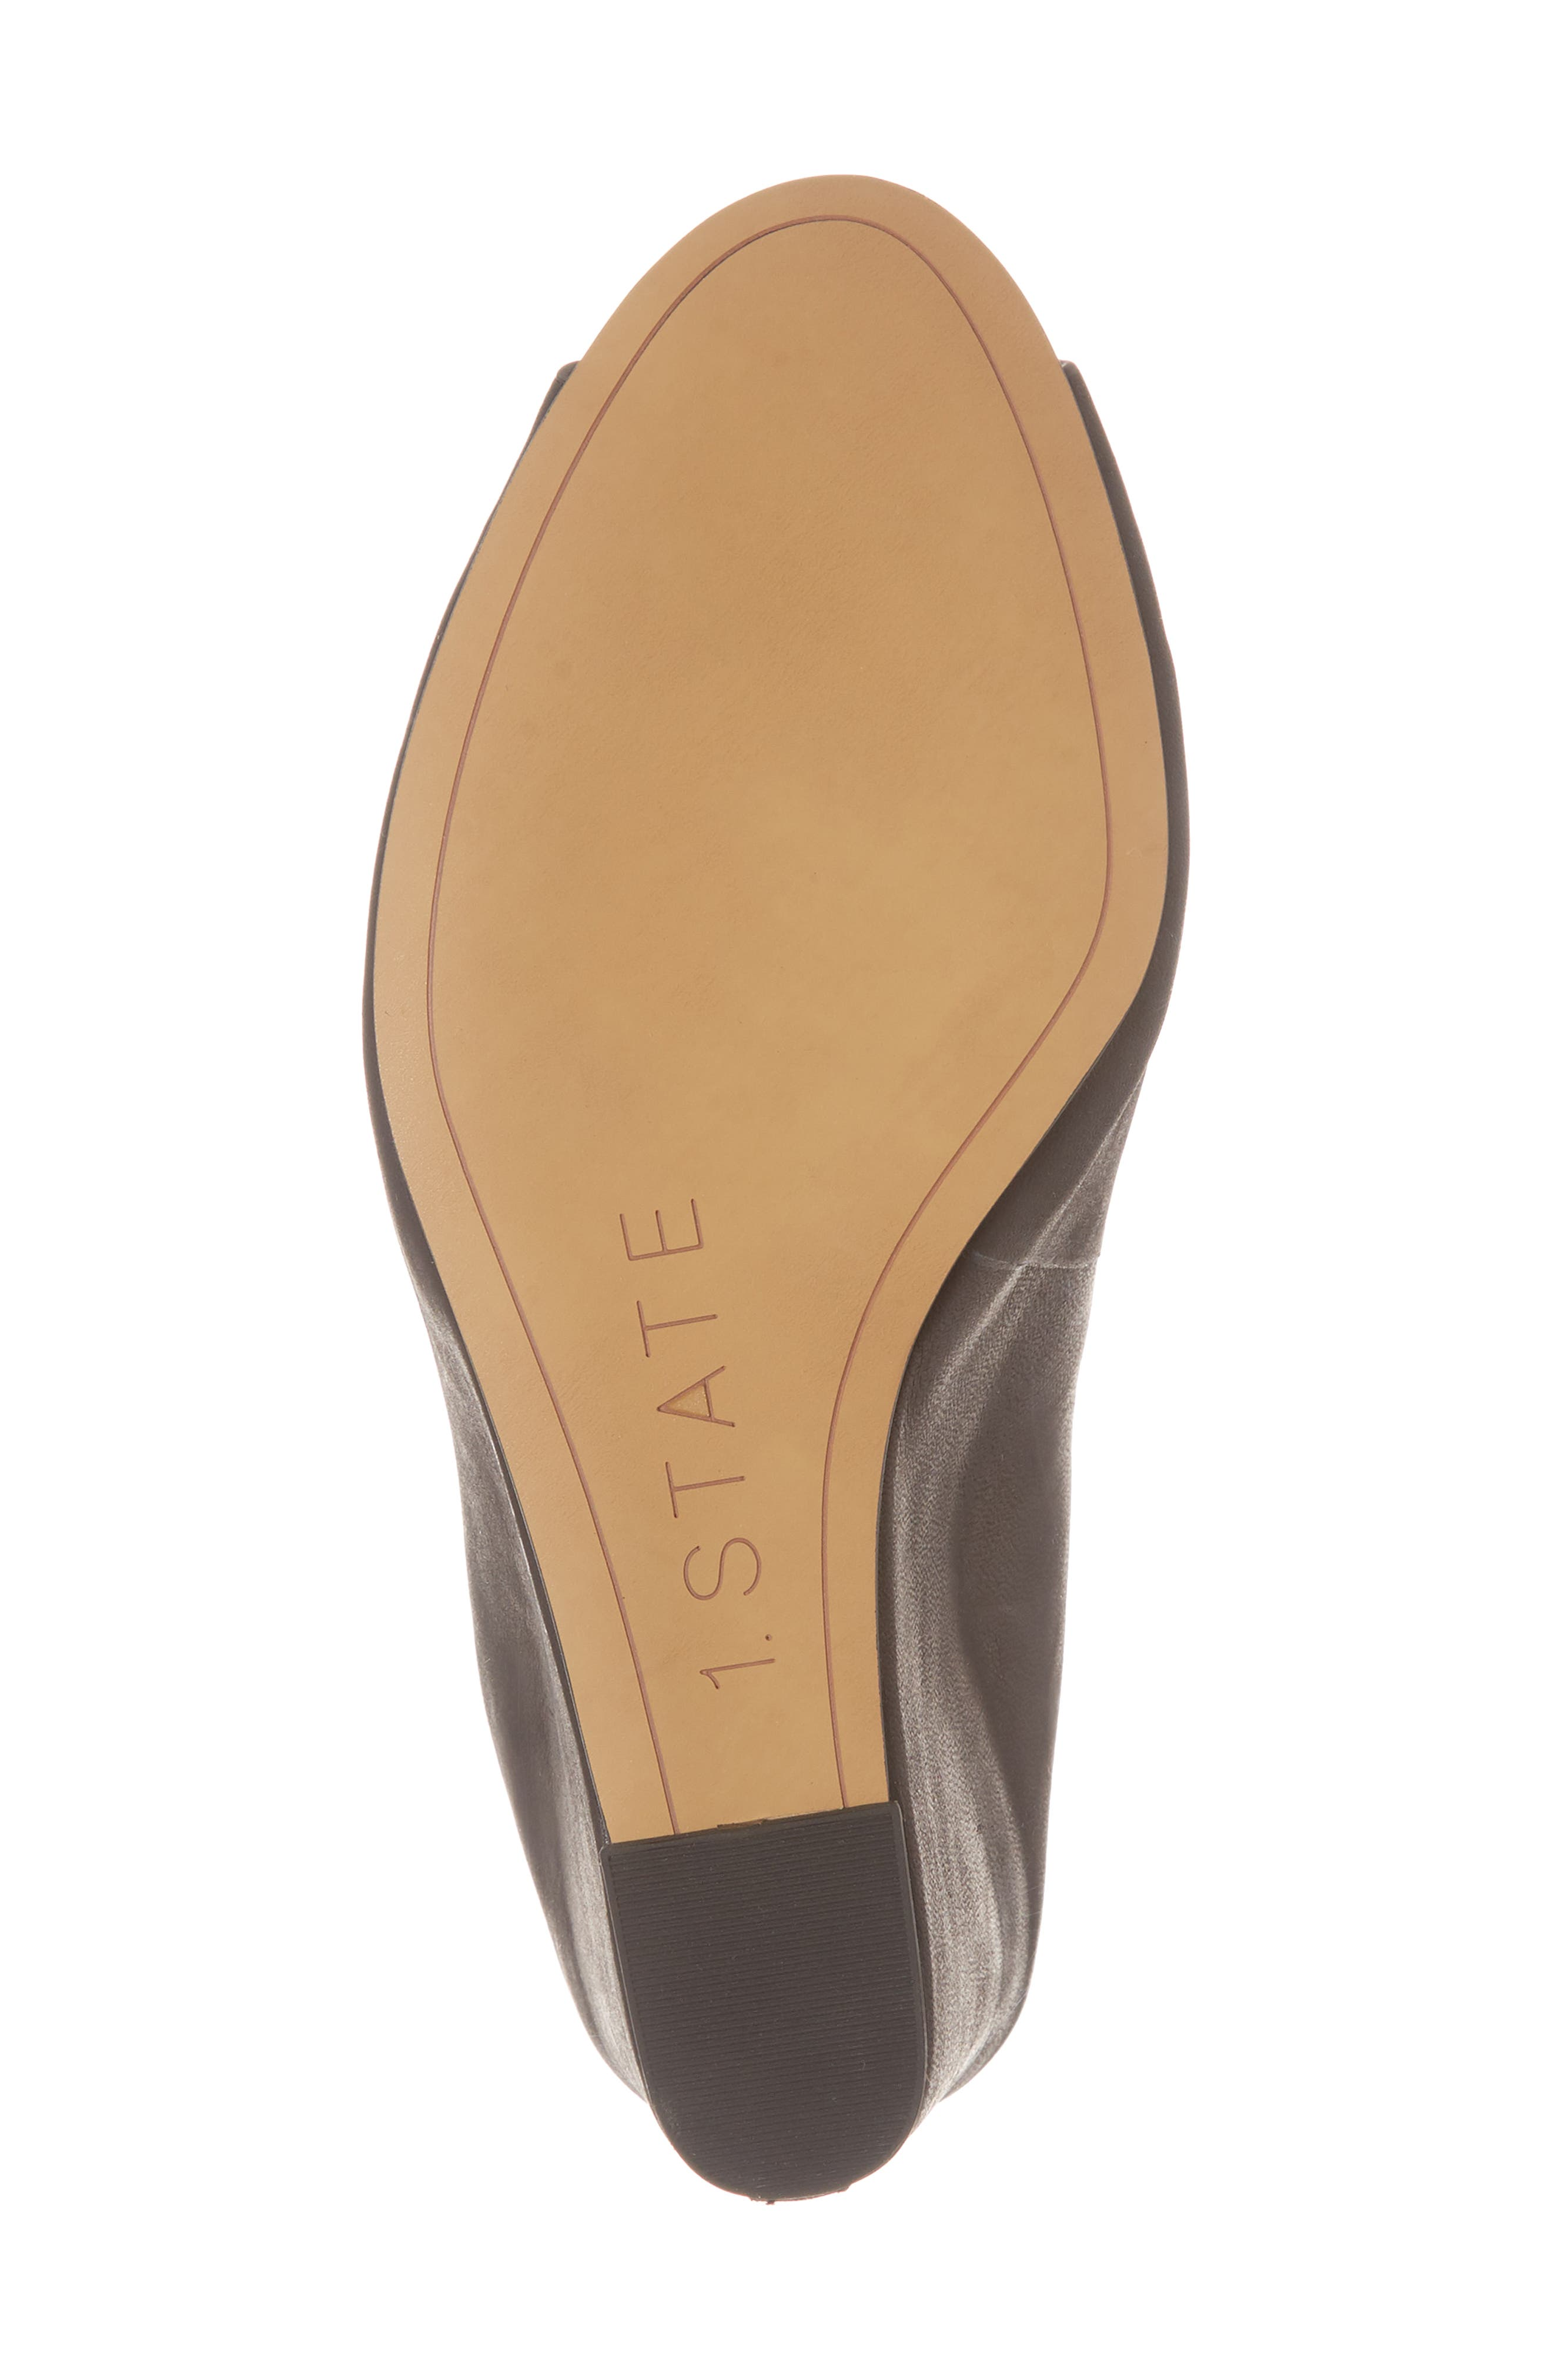 Felidia Wedge Sandal,                             Alternate thumbnail 6, color,                             001
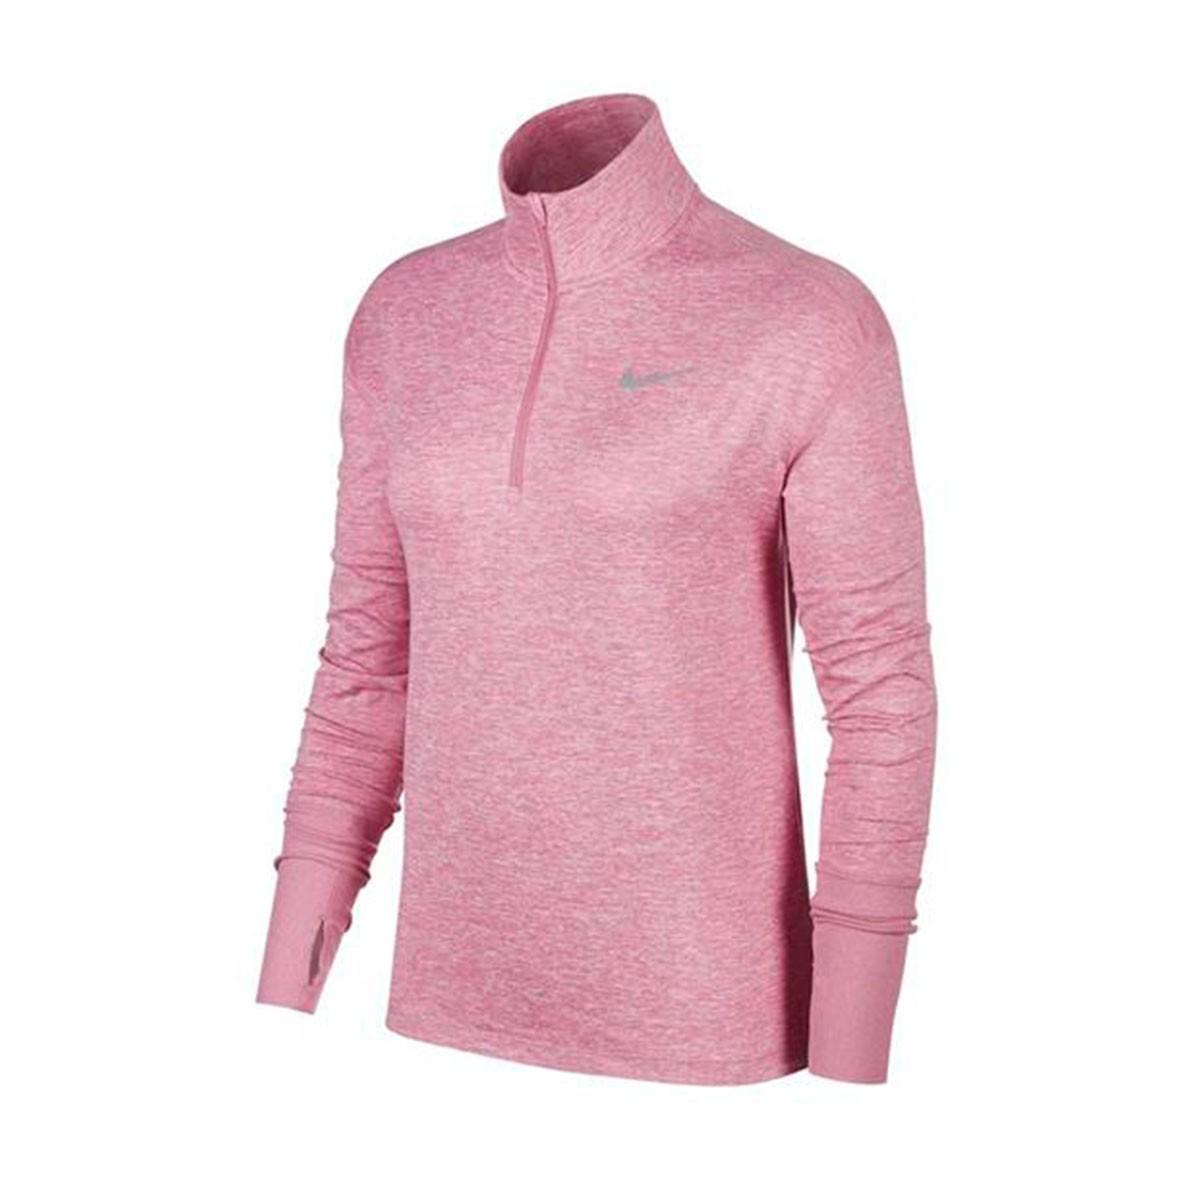 Jaqueta Nike Element Top HZ Feminina Rosa
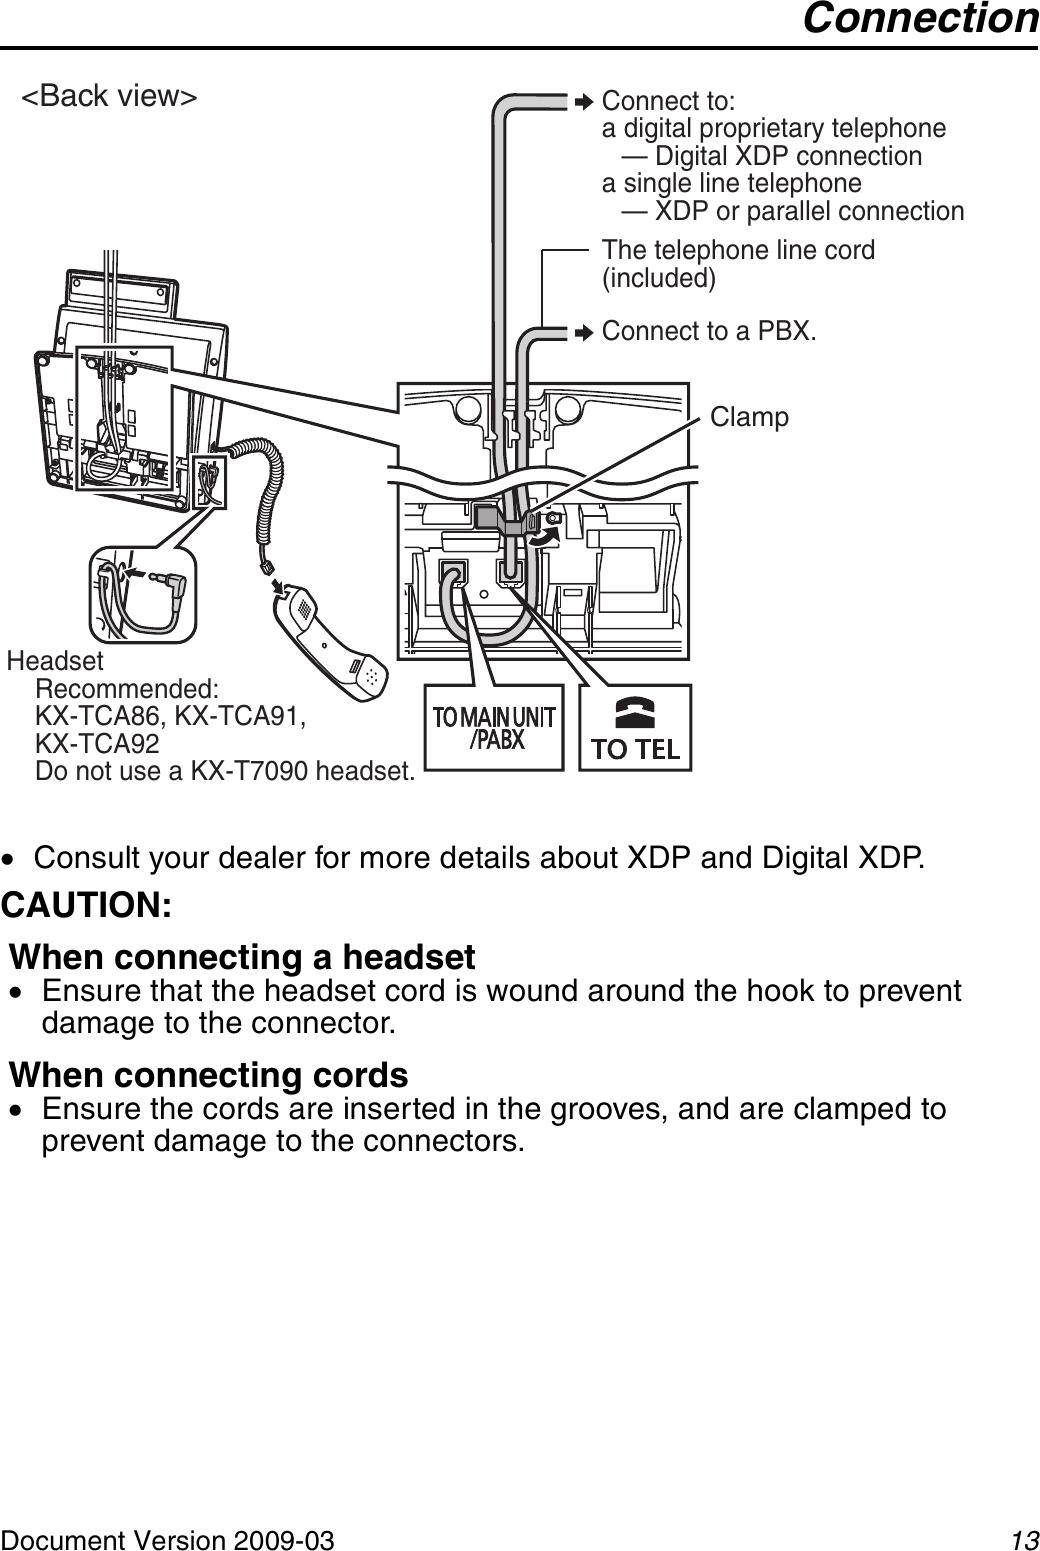 Panasonic Kxdt333 Digital Proprietary Telephone Quick
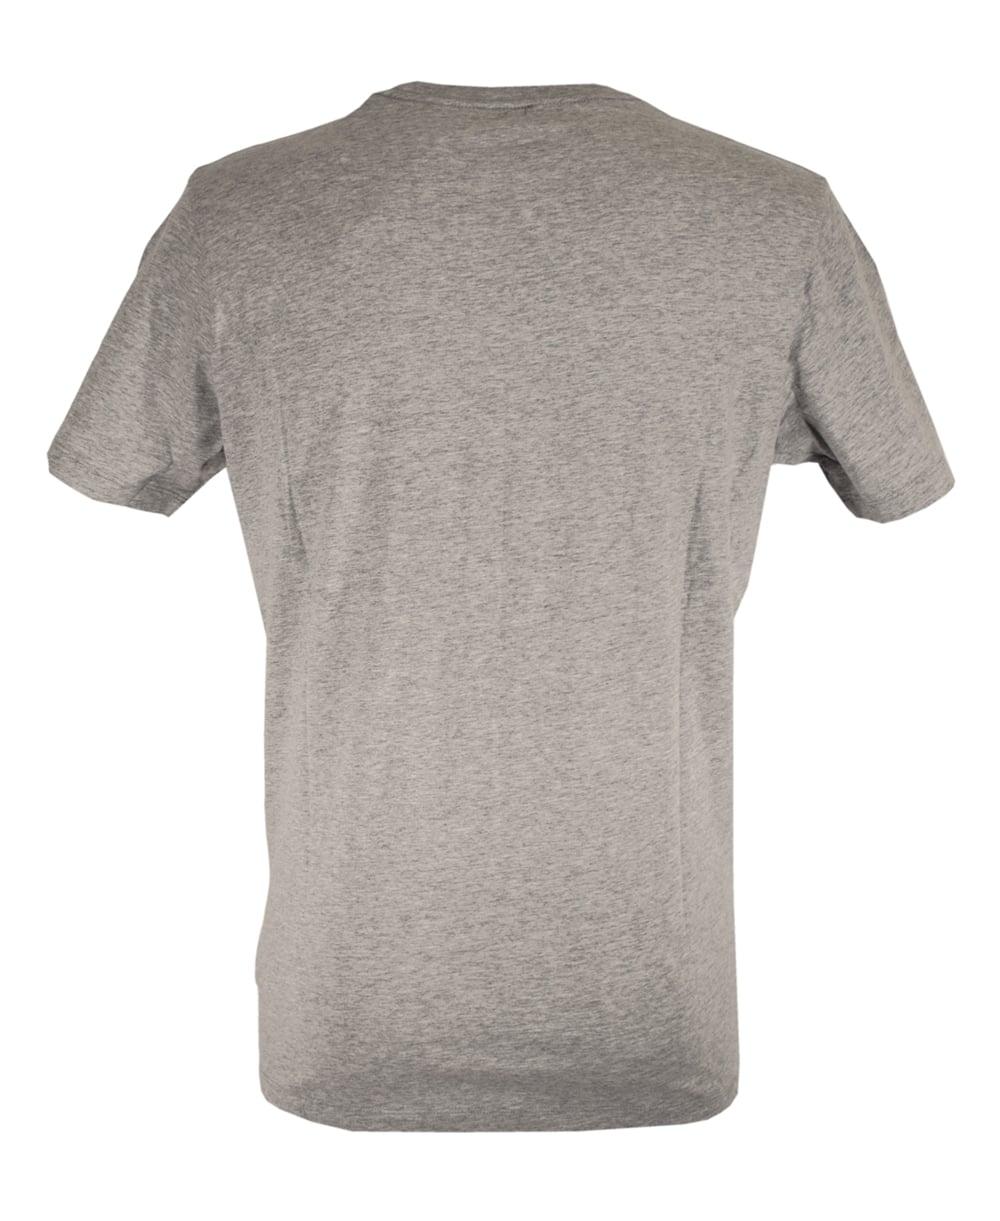 Grey T Joe Graphic Print T Shirt
+ + + + +
» **TASK INSTRUCTIONS**
Give the listing again exactly, minus its images.

» **RESULT**
 Felidia Wedge Sandal,                             Alternate thumbnail 6, color,                             001
 Jaqueta Nike Element Top HZ Feminina Rosa
 Panasonic Kxdt333 Digital Proprietary Telephone Quick
 Grey T Joe Graphic Print T Shirt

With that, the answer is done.